Most Filipino patients with Gaucher disease carry severe mutations in the GBA gene and exhibit Gaucher disease type 3, researchers from the Philippines found.
The study, “Genetic and clinical characteristics of Filipino patients with Gaucher disease,” was published in the journal Molecular Genetics and Metabolism Reports.
Gaucher disease (GD) is a genetic condition caused by abnormal production of an enzyme called beta-glucocerebrosidase, which degrades a fat substance called glucocerebroside.
Glucocerebroside accumulates in several organs, but the disease mostly affects the liver, spleen, bone marrow, and nervous system.
Beta-glucocerebrosidase is coded in the genome by the GBA gene; mutations in this gene usually drive the condition. The severity of the mutations influences the severity of symptoms.
A number of mutations in the GBA gene have been identified, with researchers finding that some are specific to certain nationalities. Thus, recognizing which mutations are most likely to appear in a certain population could improve genetic testing approaches and understanding of the disease and its course in people who develop the condition.
To understand the most prevalent mutations and clinical features associated with GD in the Philippines, researchers reviewed medical records of 14 patients (three men and 11 women).

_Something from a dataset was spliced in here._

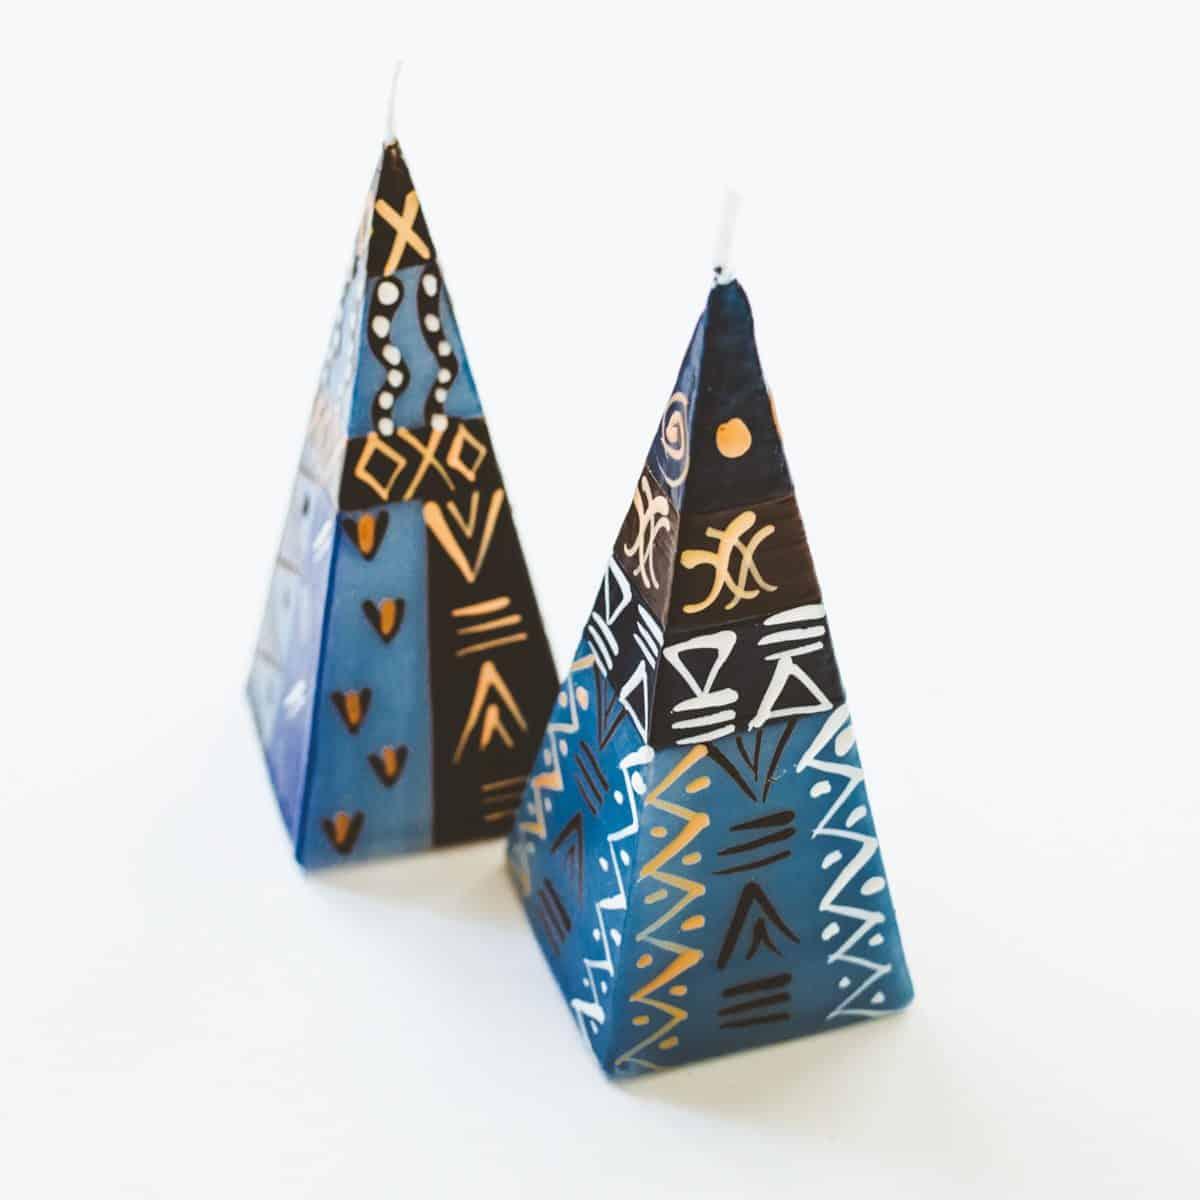 GlobeIn December 2016 Artisan Box Spoiler - Handpainted Candle Set
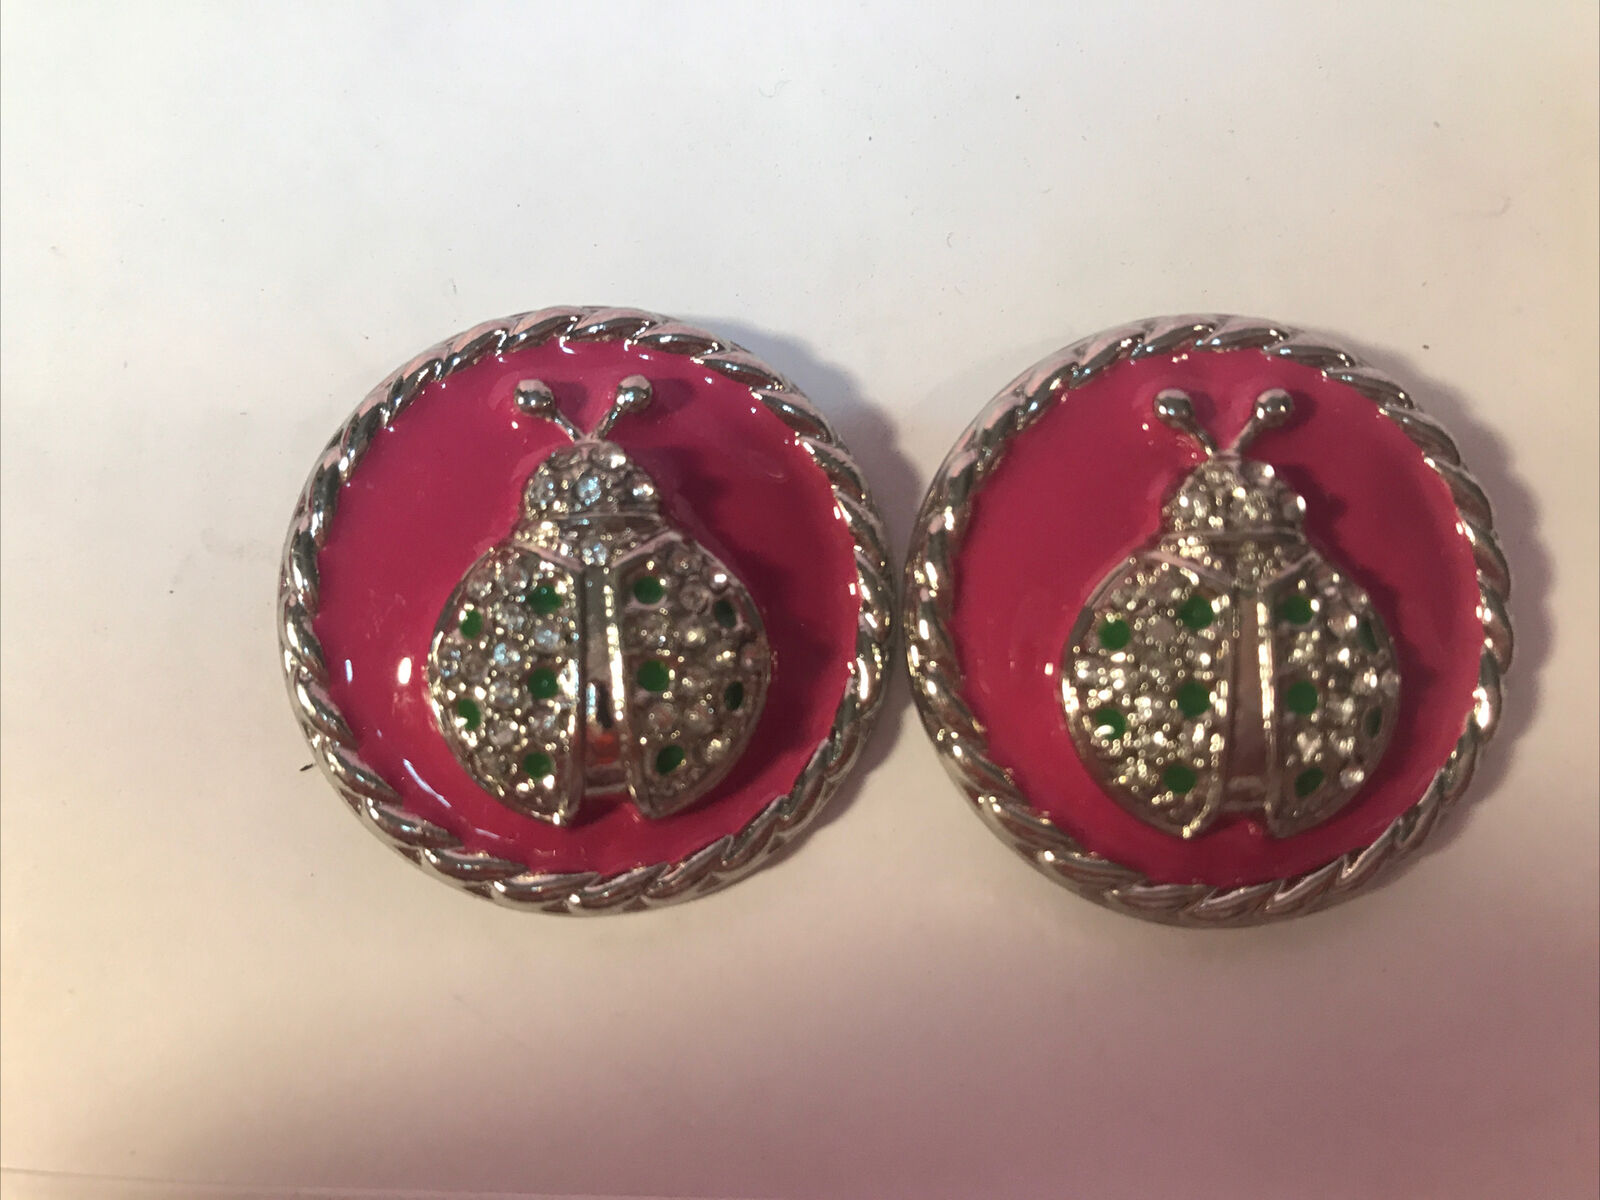 Lindsay Philips Interchangeable Shoe Snaps Decorative Charms PINK/SILVER LADYBUG

Patients had started experiencing symptoms between the ages of 1 and 2. Overall, there was an average 2.2-year gap between the onset of clinical symptoms and GD diagnosis.
Of the 14 patients, one woman was of Indian origin and one man was Filipino/Japanese. The remaining 12 patients were Filipino.
In this study population, five patients had type 1 disease with no brain involvement; two patients had type 2 disease. The remaining seven were classified as GD type 3 because they experienced seizures, delay in development, and irregular eye movements.
The swelling of liver and spleen — hepatosplenomegaly — was the most common clinical symptom in this population (85.7%), followed by impaired growth (64.3%), and bone abnormalities (63.6%). The team also reported anemia and low platelet count in most patients.
Only six patients in this study received enzyme replacement therapy (ERT) to restore the function of the glucocerebrosidase enzyme. Four of those patients achieved normal platelet levels, the study reported. Similarly, ERT decreased swelling of the liver and spleen in four patients. However, no improvement was noted in growth, bone abnormality, or neurological symptoms after ERT.
Researchers found that the most severe GBA mutation — L483P — was the most commonly detected in this study group. Other severe mutations, such as F252I, G241R, G416S, R159W and IVS2 + 1 G > A, were also detected. These mutations caused clinical symptoms associated with type 2 and type 3 GD, the researchers said.
Two new mutations — N131S and D257V — were identified; they were both found in patients with type 2 and type 3 GD. The mutant allele N131S has only been reported in Filipinos, strengthening its association with this population.
“With the recent passage of the Rare Disease Act of the Philippines, it is hoped that physicians will be more aware of the presenting signs and symptoms of GD so that better access to diagnosis, and provision of a more comprehensive and sustainable treatment and monitoring will improve the neurologic and non-neurologic complications of the disease in this population,” the team concluded.